▶ [DESCRIPTION OF THE TASK]:
Keep images out and repeat all data exactly.

▶ [DATA BLOCK]:

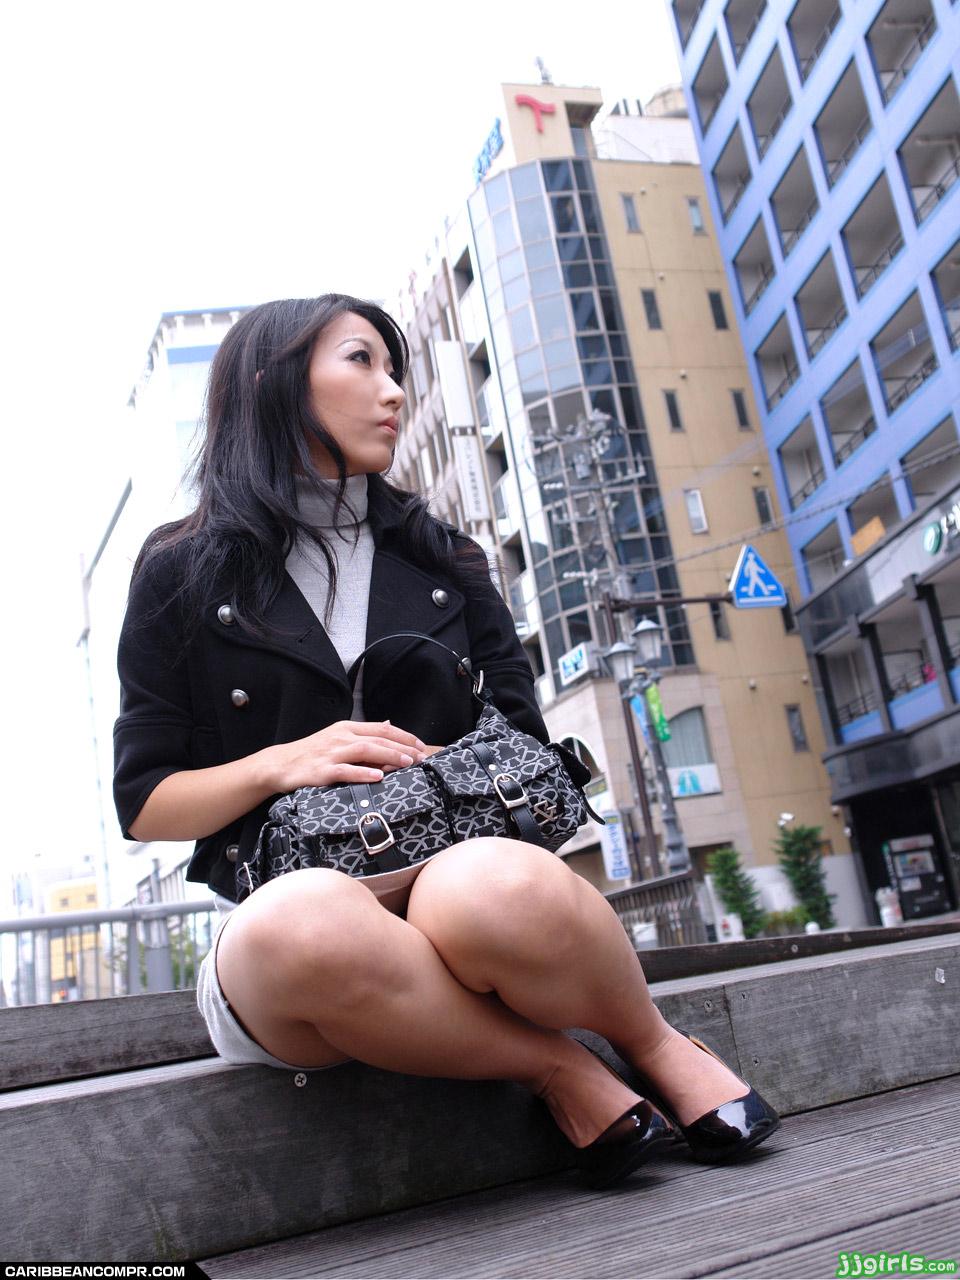 Tatsumi yui yui bukkake - 3 part 7
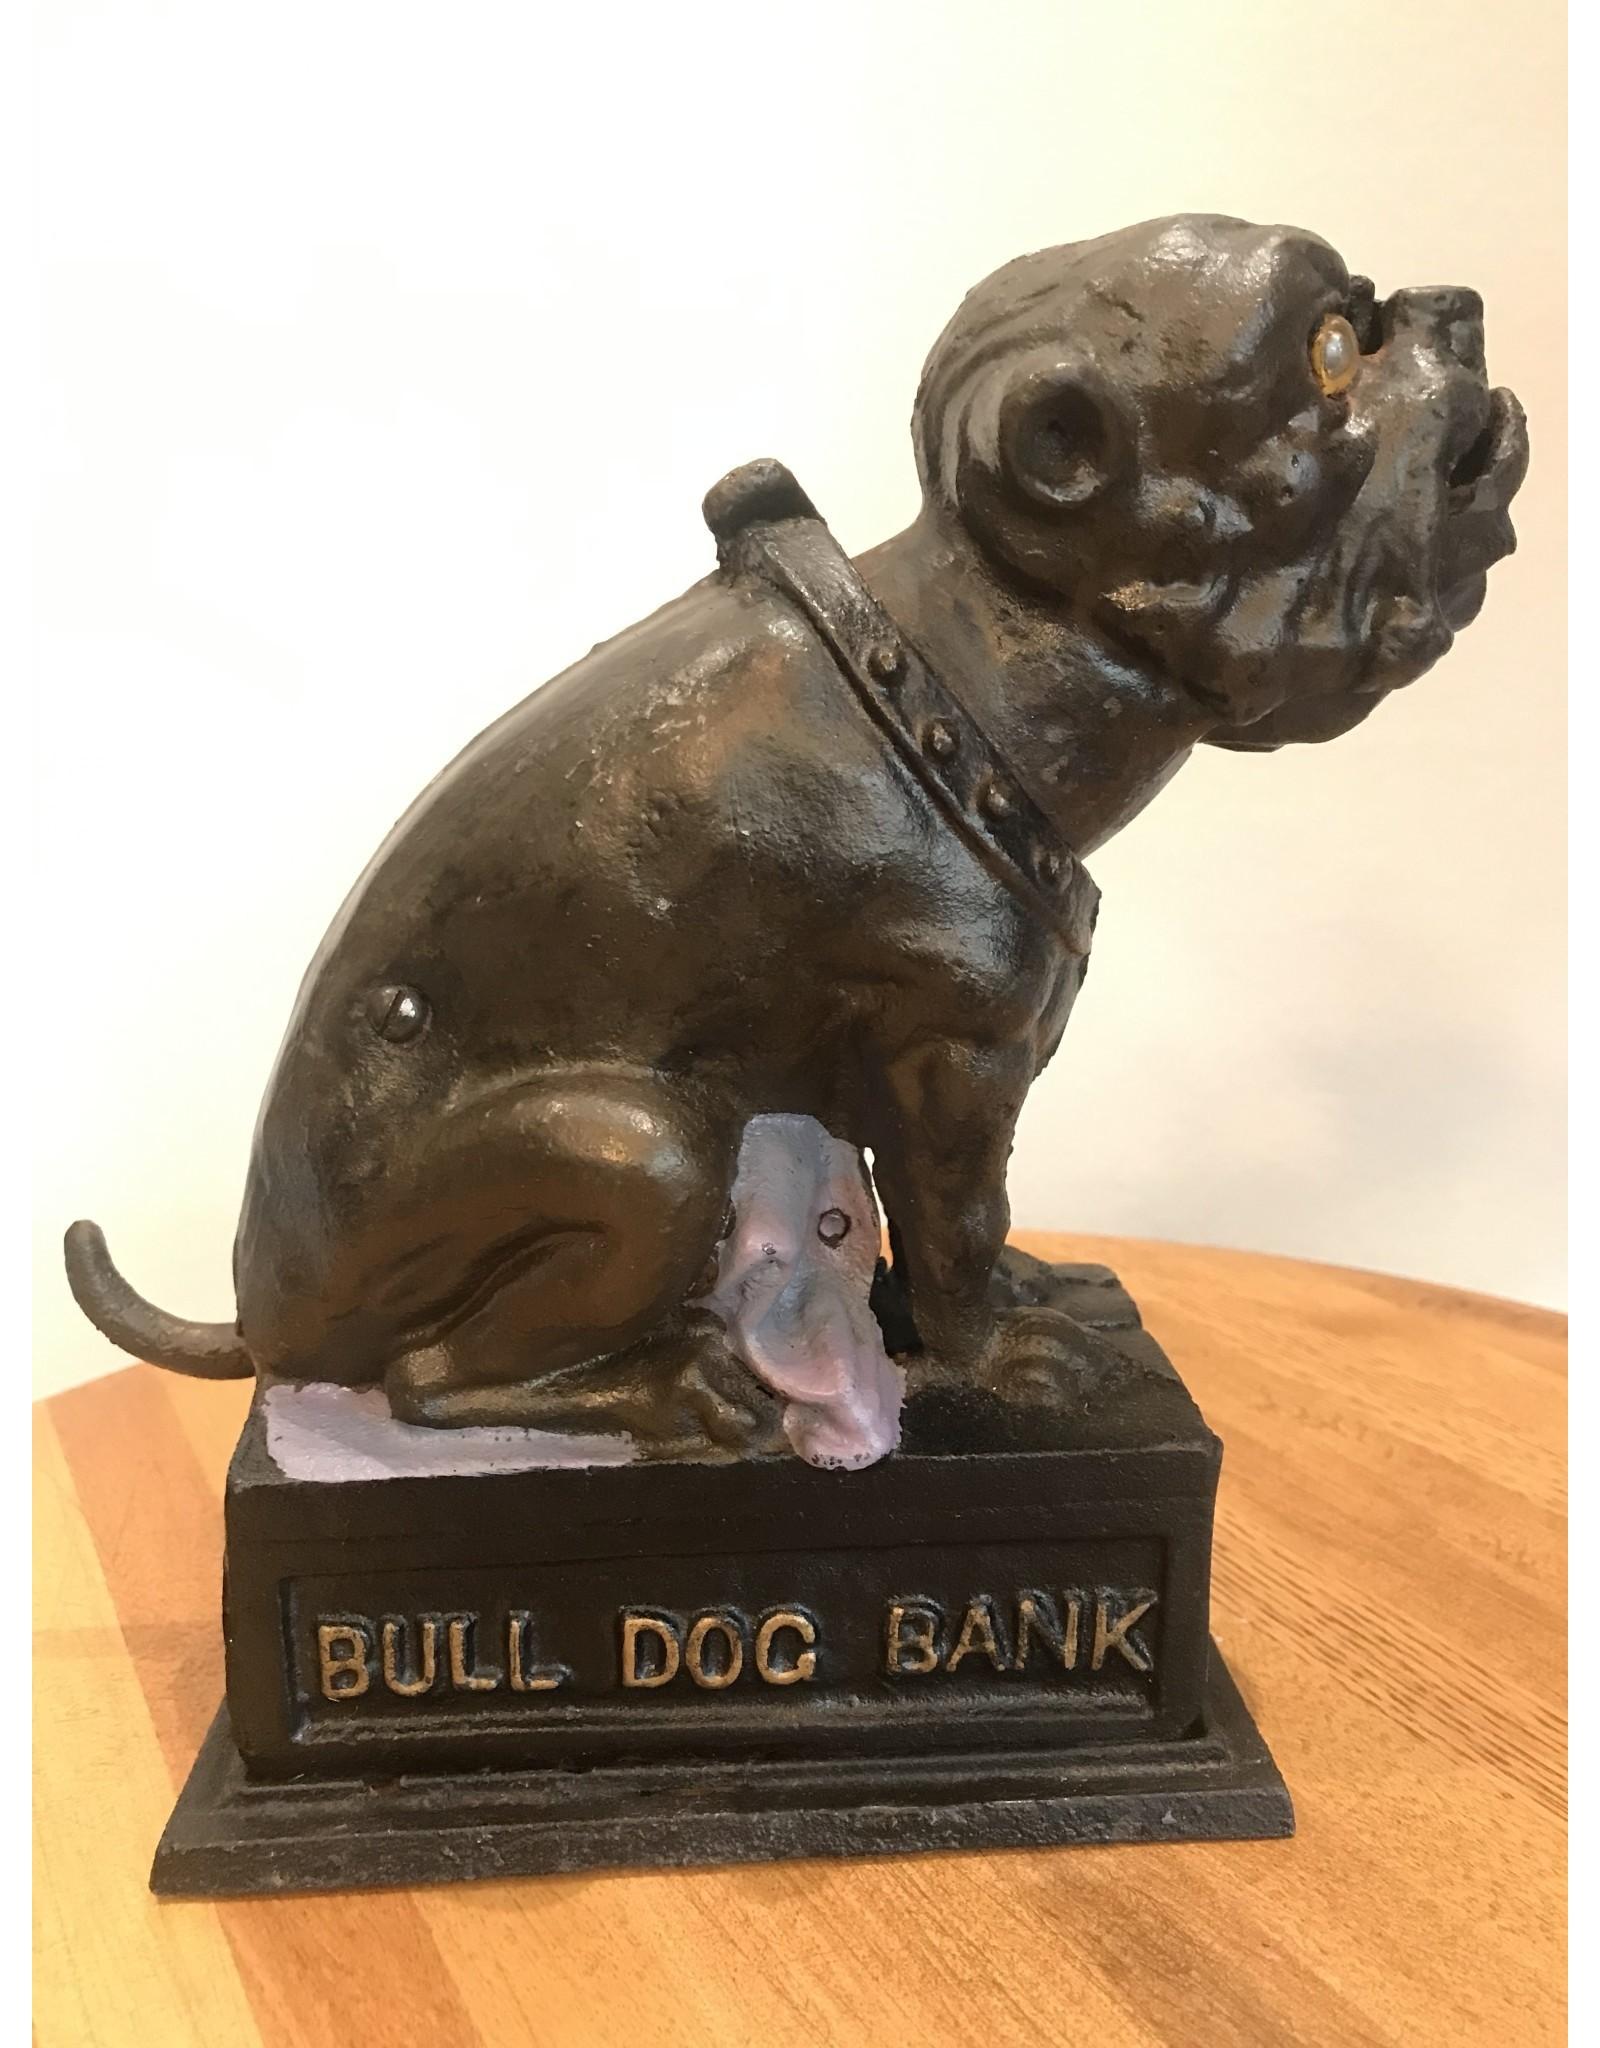 SPV Bull Dog Bank
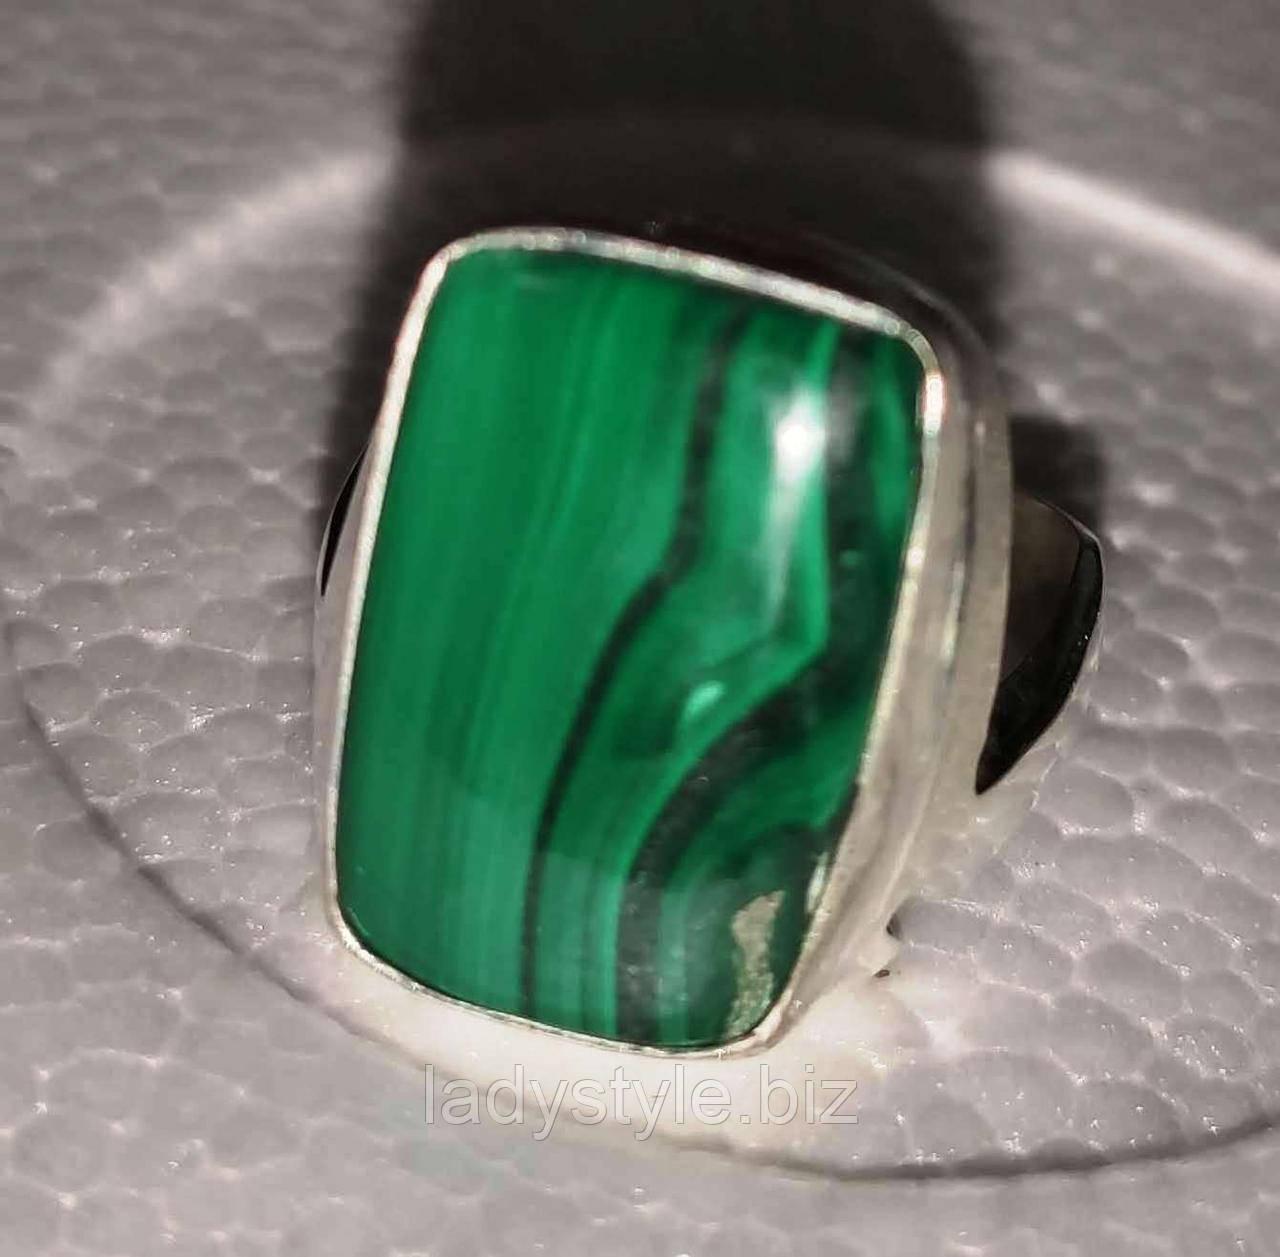 Прямоугольное кольцо  с натуральным малахитом, размер 19

▶ [EXERCISE ANSWER]:
 Tatsumi yui yui bukkake - 3 part 7
 SPV Bull Dog Bank
 Прямоугольное кольцо  с натуральным малахитом, размер 19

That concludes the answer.